Estado toma posição acionista na rede SIRESP

Governo anunciou ainda a aquisição de quatro novas estações móveis e benefícios para empresas que enterrem cabos de comunicação

O Estado vai tomar a sua posição acionista na SIRESP, o sistema de redes de emergência, anunciou esta tarde o ministro do Planeamento e das Infraestruturas no terceiro briefing com medidas saídas do Conselho de Ministros Extraordinário que está a decorrer no Palácio de Belém, em Lisboa, desde cerca das 10:00.

Pedro Marques afirmou que o Estado, através da conversão de créditos, vai tomar posição acionista no SIRESP, aumentando assim a sua influência ao nível da gestão do sistema.
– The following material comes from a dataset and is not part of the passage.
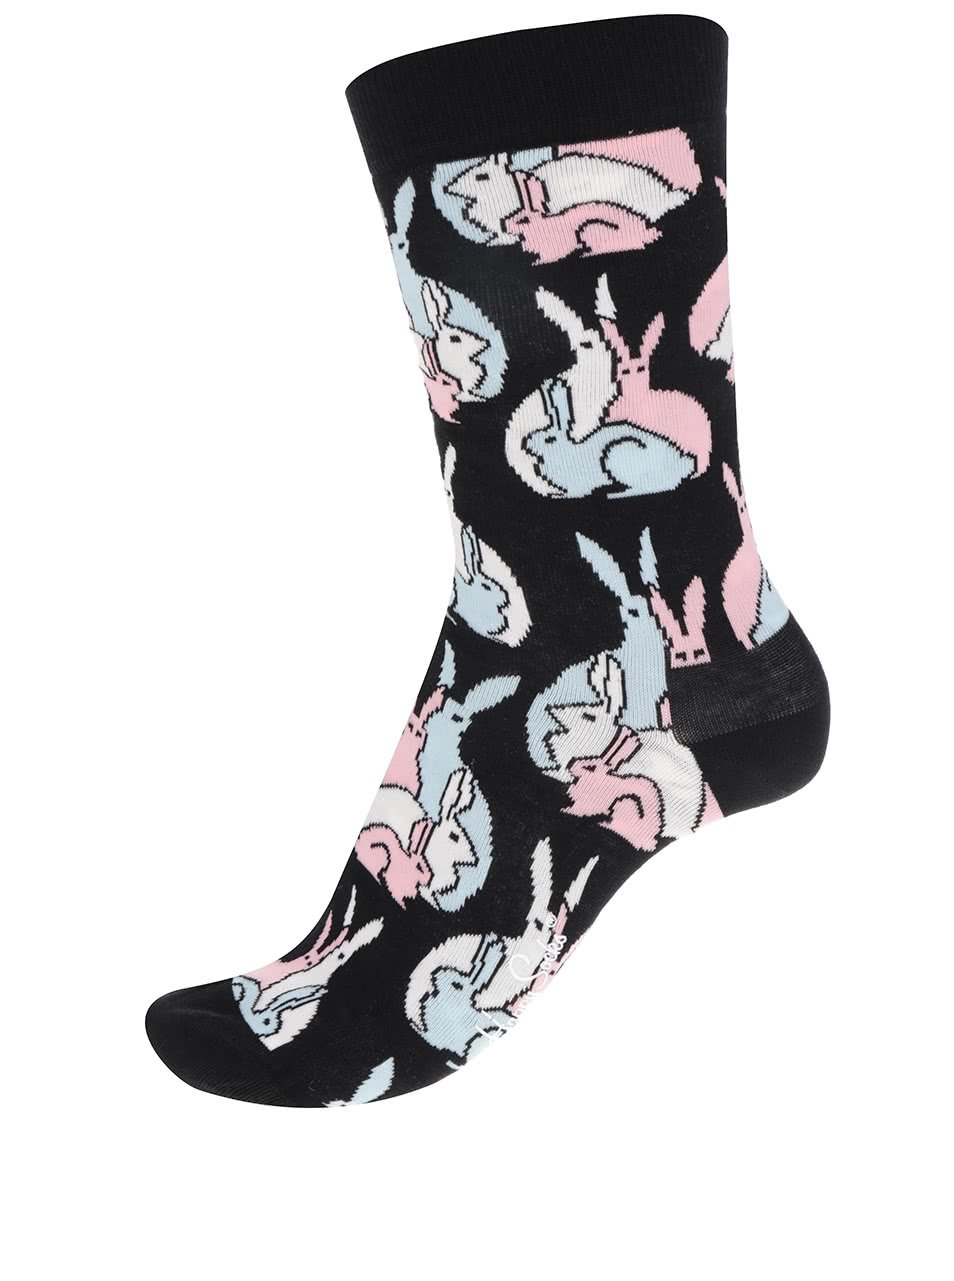 Černé dámské ponožky s motivem zajíců Iris Apfel Bunny Sock

O ministro do Planeamento e das Infraestruturas admitiu que a prazo o Estado poderá ter mesmo uma posição de controlo acionista da Rede de Emergência e Segurança.

O governante anunciou ainda que o SIRESP vai ser dotado de quatro novas estações móveis com ligação satélite.

O Governo compromete-se ainda em criar condições a trabalhar para acabar com os cabos aéreos, "que ardem de forma sistemática" por ocasião dos incêndios, concedendo benefícios aos operadores que enterrem esses mesmos cabos em condutas, nomeadamente três anos de isenção das taxas de utilização e depois disso, de um corte de 25% nessas mesmas taxas.

Pedro Marques lembrou o compromisso hoje anunciado pela Altice/PT, que vai começar a enterrar os cabos que suportam as suas redes de comunicações fixas e móveis na região do Pinhal Interior, a zona afetada pelos incêndios de há quatro meses.

O Governo anunciou também a contratação de mais 50 vigilantes e cem novas equipas de sapadores, que se juntam às 292 que existem atualmente.

Além disso, promoverá a limpeza das faixas de limpeza de vias e ferrovias e a sua expansão para até 10 metros.

Antes destas medidas, o Governo já anunciara que decidiu alocar 30 milhões de euros do Orçamento de Estado para apoiar a reconstrução de habitações destruídas nos incêndios e disponibilizar até 100 milhões para as empresas. Parcelas de um pacote de apoios que, no total, chegará perto dos 400 milhões de euros, incluindo também as áreas da segurança social e agricultura.

E antes disso, no primeiro briefing do dia, a ministra da Justiça, Francisca Van Dunem, anunciou hoje, tal como o DN avançara na edição impressa, um mecanismo extrajudicial e de adesão voluntária para pagamento de indemnizações às vítimas dos incêndios de Pedrógão Grande, a 17 de junho, e da região centro, nos dias 15 e 16 de outubro. No total, morreram até ao balanço mais recente 108 pessoas.

Van Dunem explicou que será formada uma comissão, composta por um representante das associações das vítimas, por alguém nomeado pelo conselho de magistratura e alguém nomeado por conselho de reitores, a qual terá 30 dias para fixar os critérios de indemnização.

Caberá depois às famílias das vítimas avançar para o pedido de indemnização. "A partir daí queremos que seja o mais rápido possível", disse a ministra, que não estabeleceu um prazo para o processo de atribuição das indemnizações estar concluído. "O desejável é que as famílias recebam o mais rápido possível", repetiu, salientando que os prazos também dependem da rapidez com que as famílias solicitem a indemnização.